▶ _SOURCE RECORDS_:
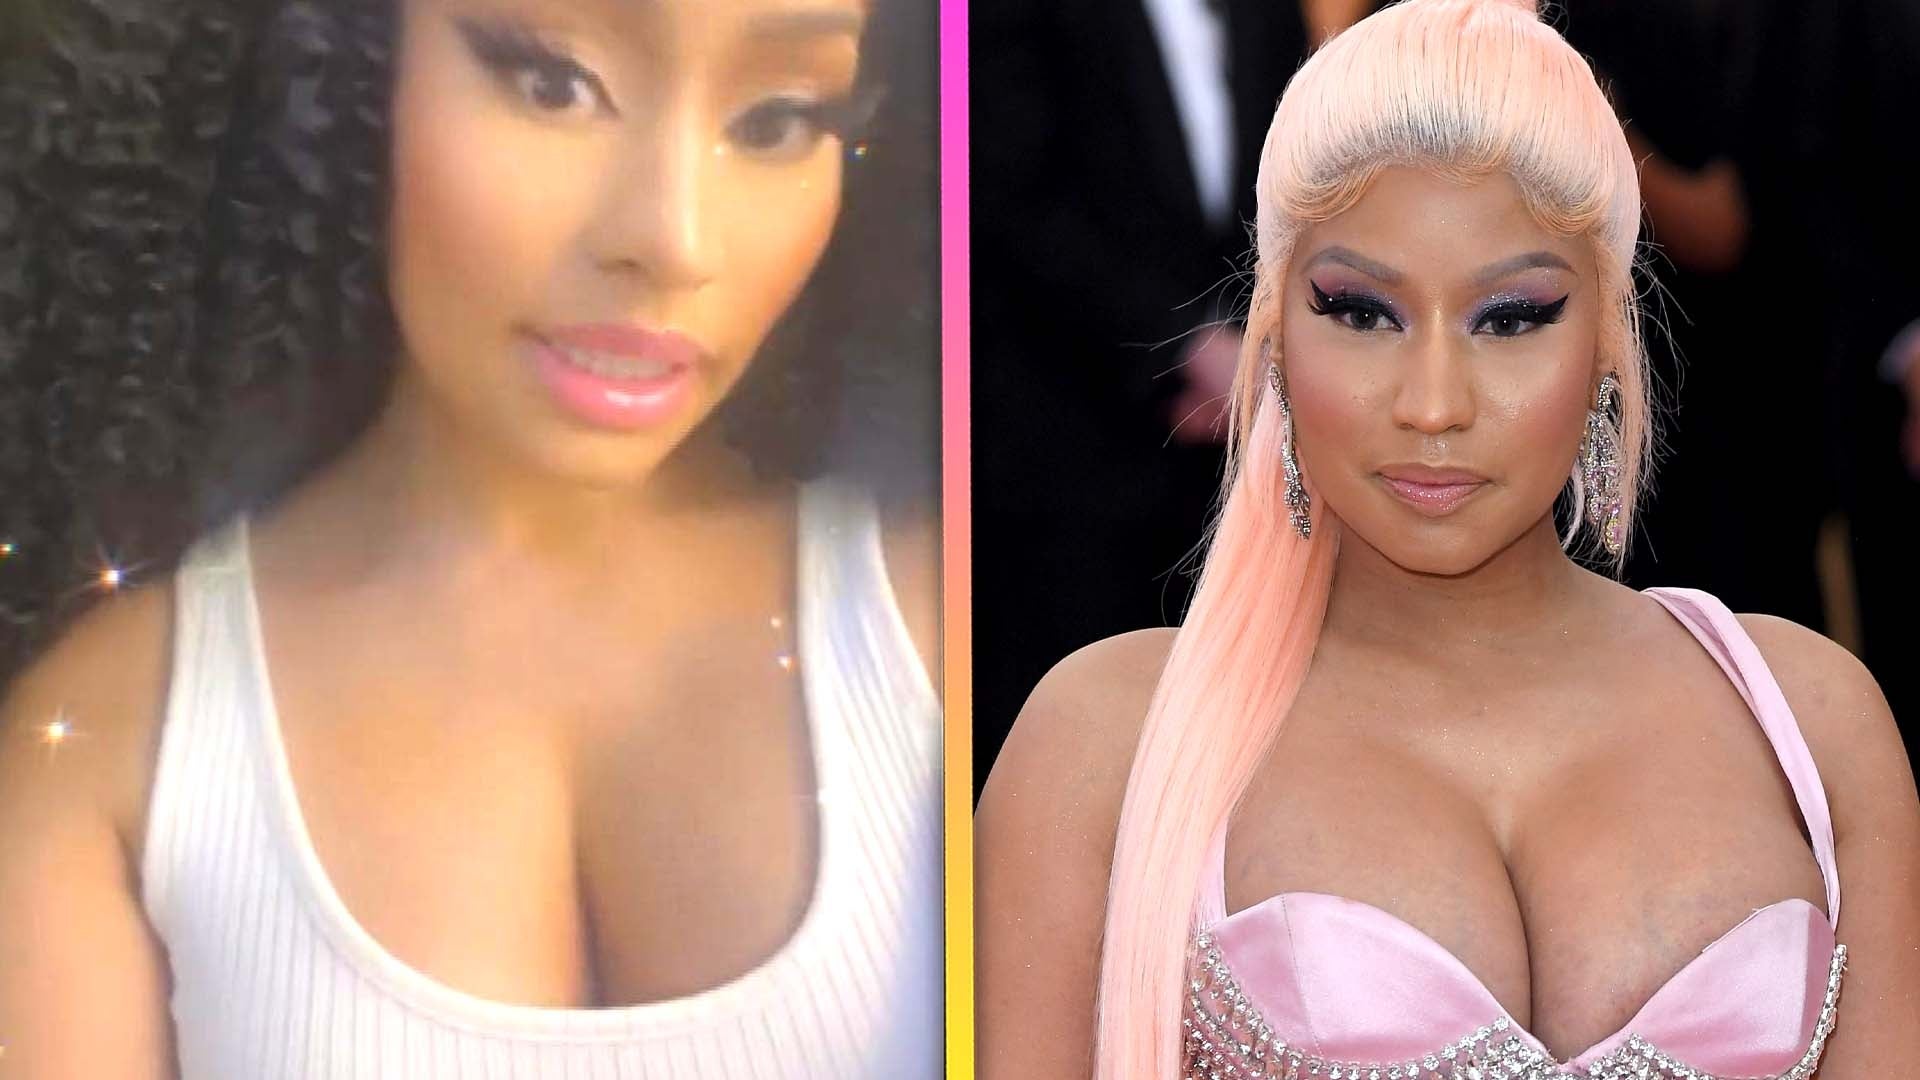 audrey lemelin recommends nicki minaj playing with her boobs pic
==
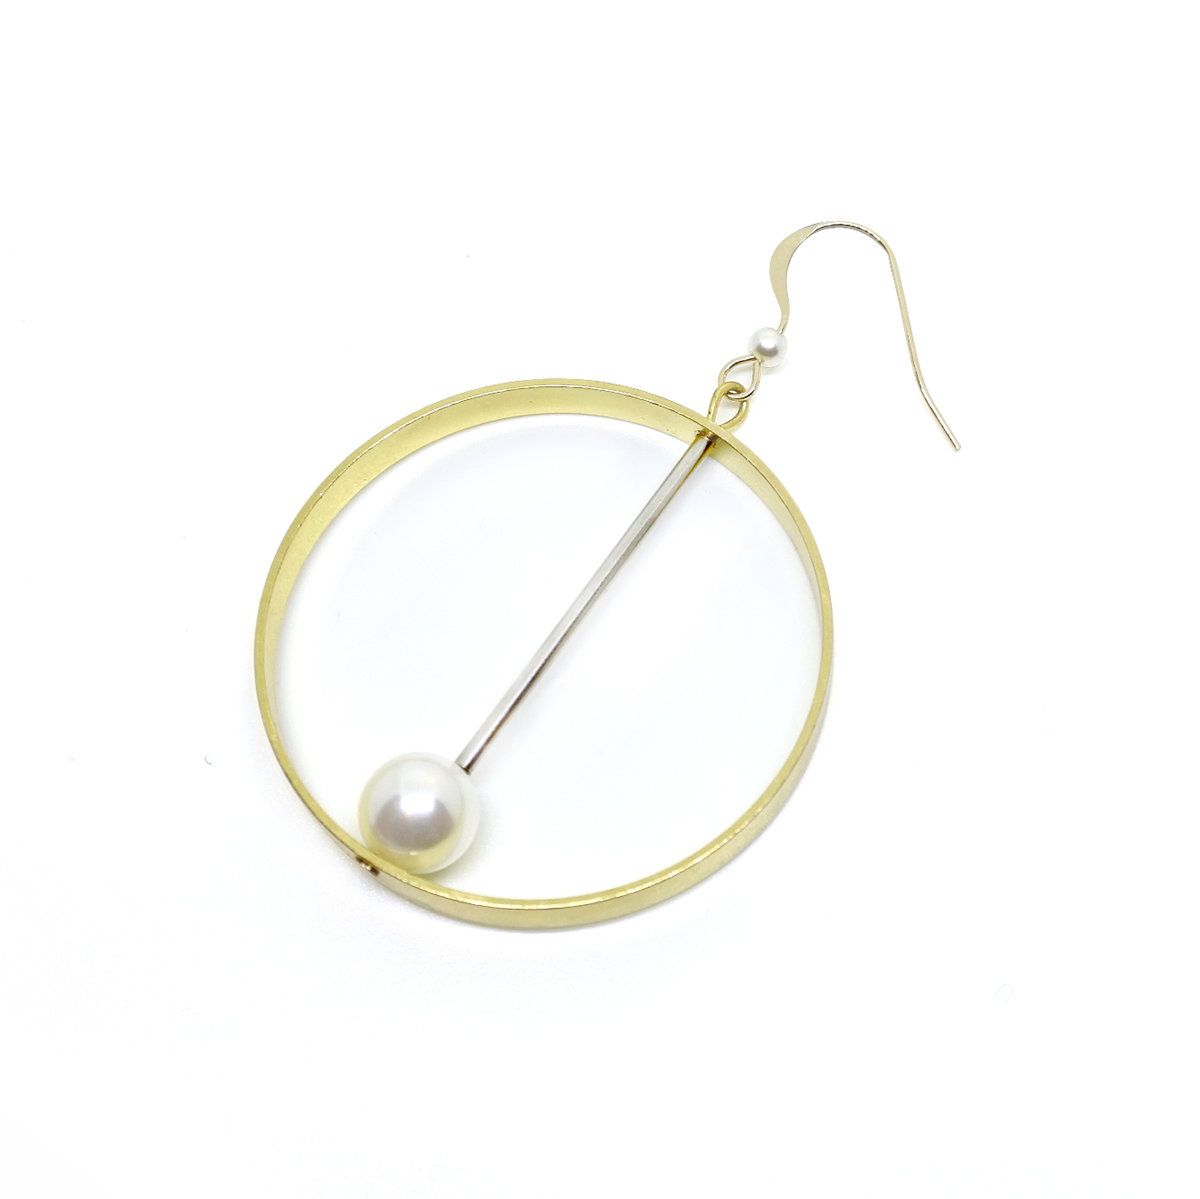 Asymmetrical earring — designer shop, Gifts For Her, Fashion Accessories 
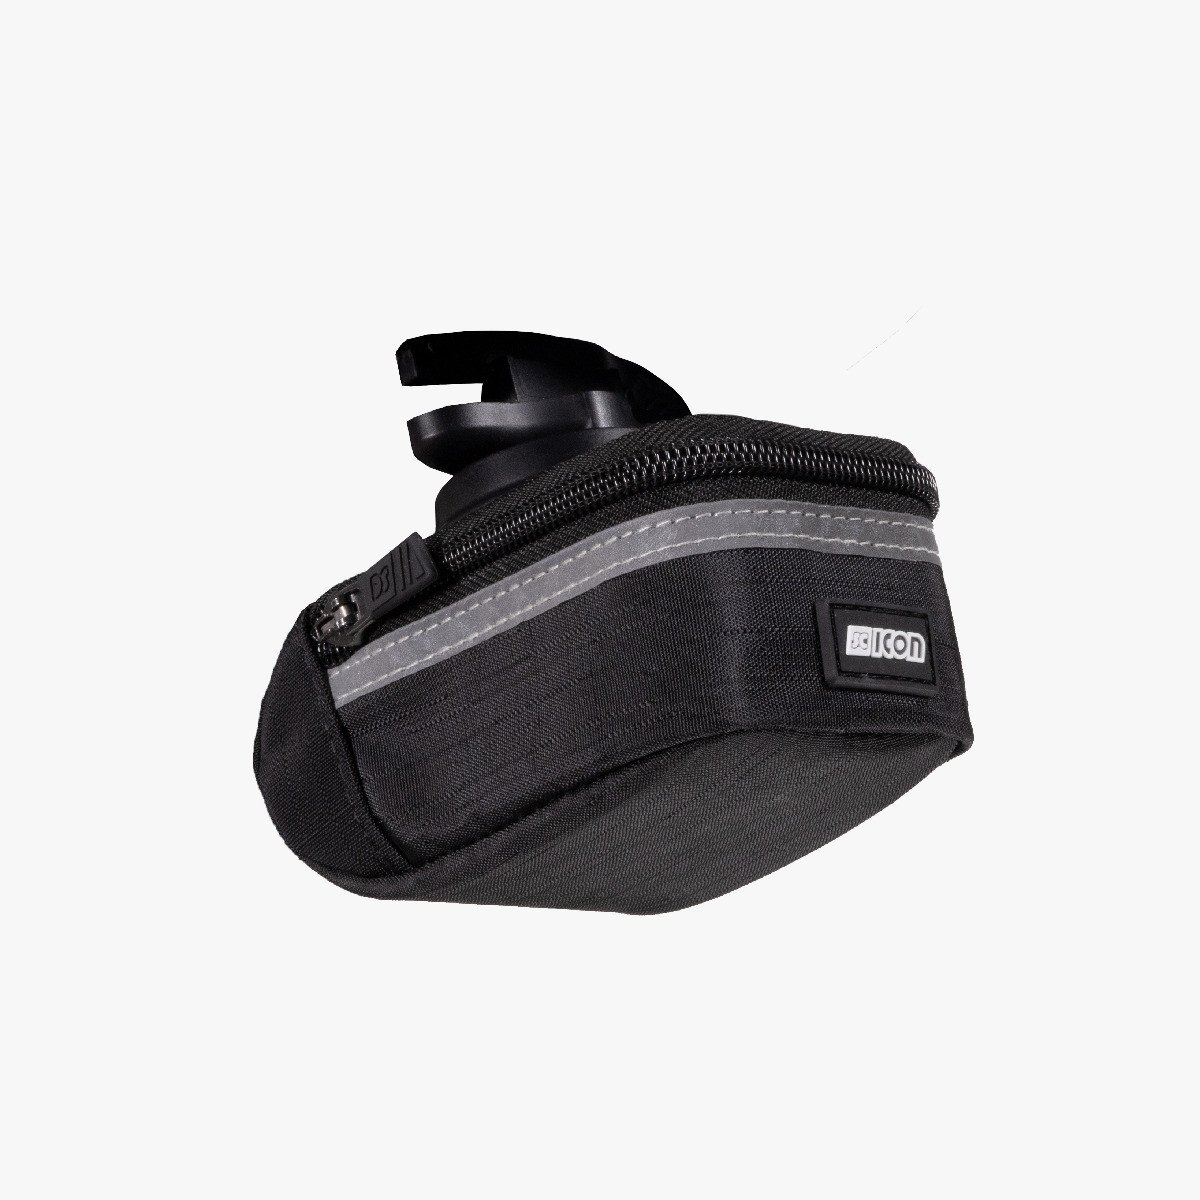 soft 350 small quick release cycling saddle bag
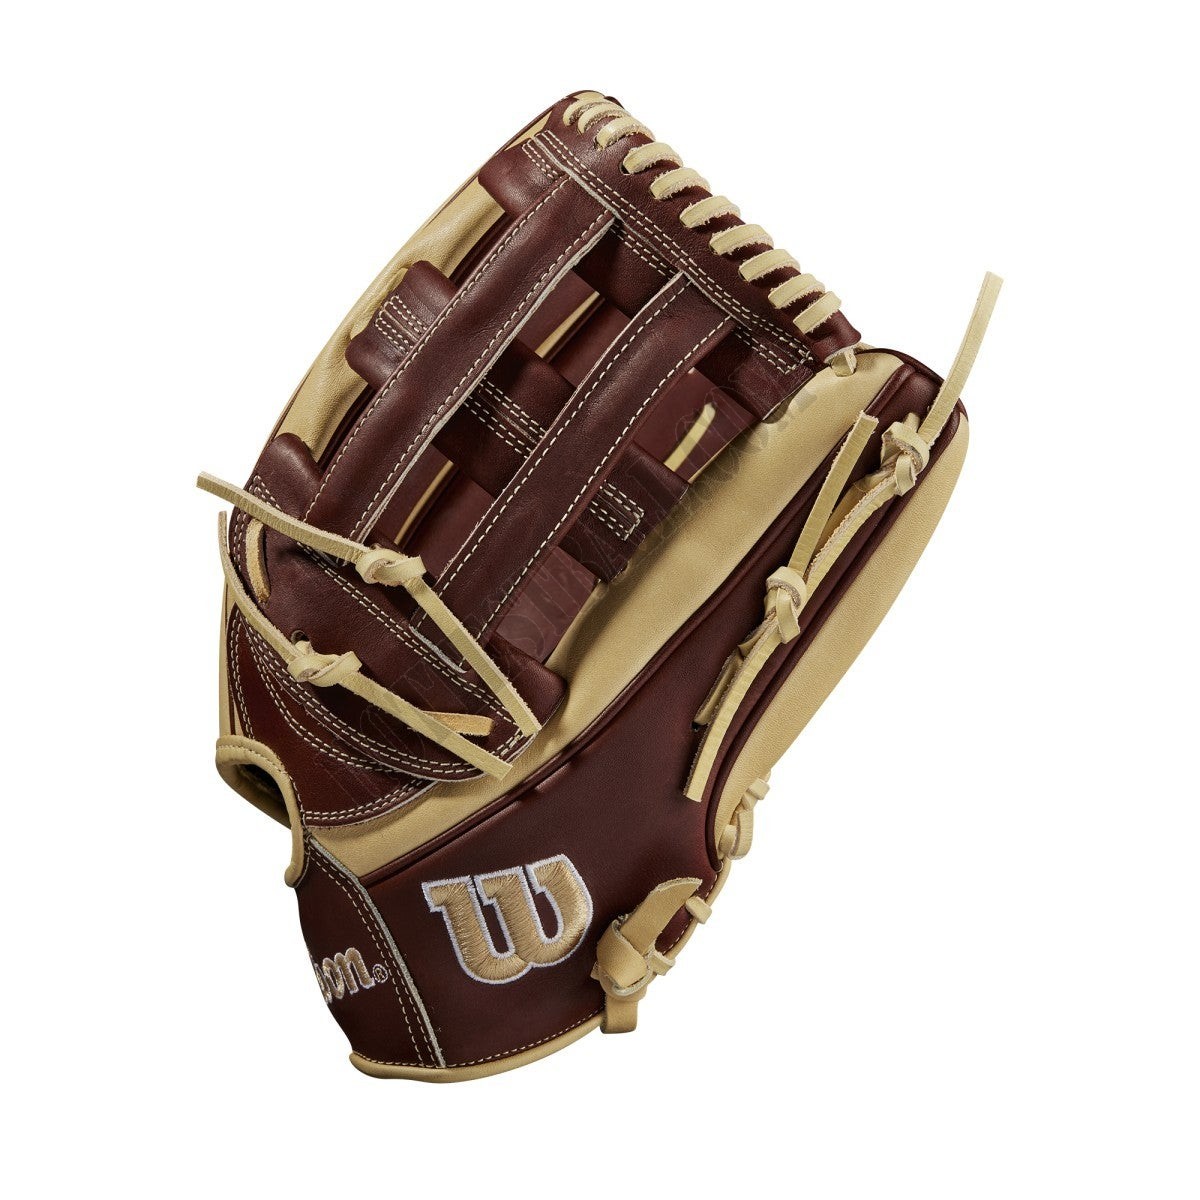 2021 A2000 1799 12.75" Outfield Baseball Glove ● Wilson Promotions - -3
---
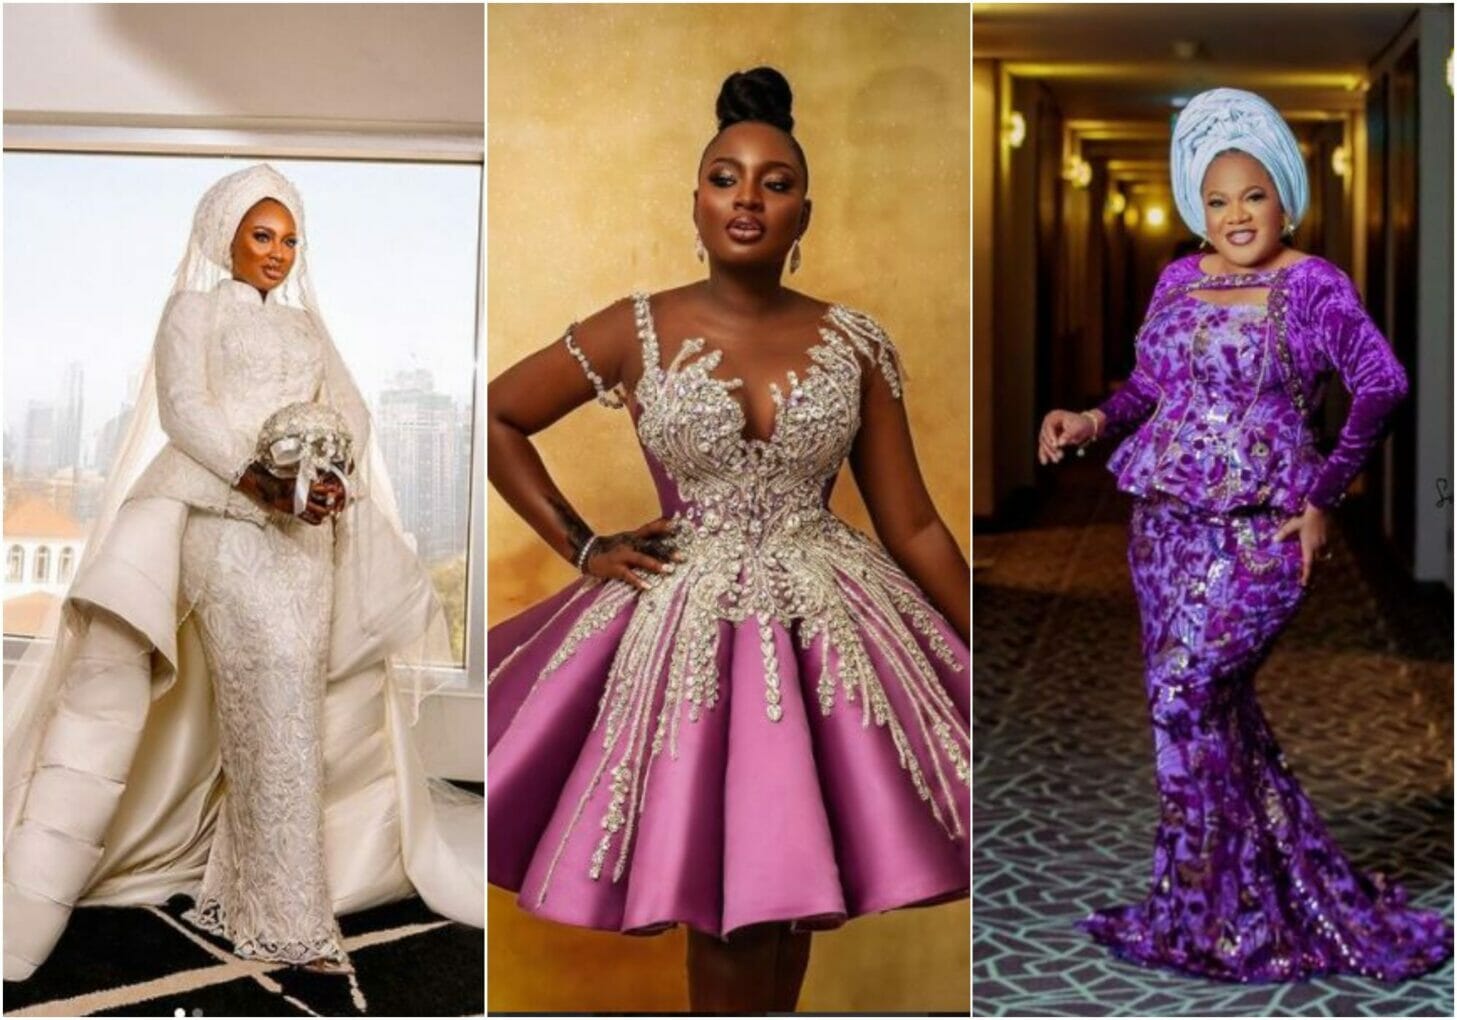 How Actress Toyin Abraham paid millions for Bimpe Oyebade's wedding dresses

▶ _GOAL OF THE EXERCISE_: In the entries above, which lines run from the one with "soft 350 small" up to and including the one with "2021 A2000 1799"? Write them out exactly, without the pictures.

▶ _ANSWER SPACE_:
 soft 350 small quick release cycling saddle bag
 2021 A2000 1799 12.75" Outfield Baseball Glove ● Wilson Promotions - -3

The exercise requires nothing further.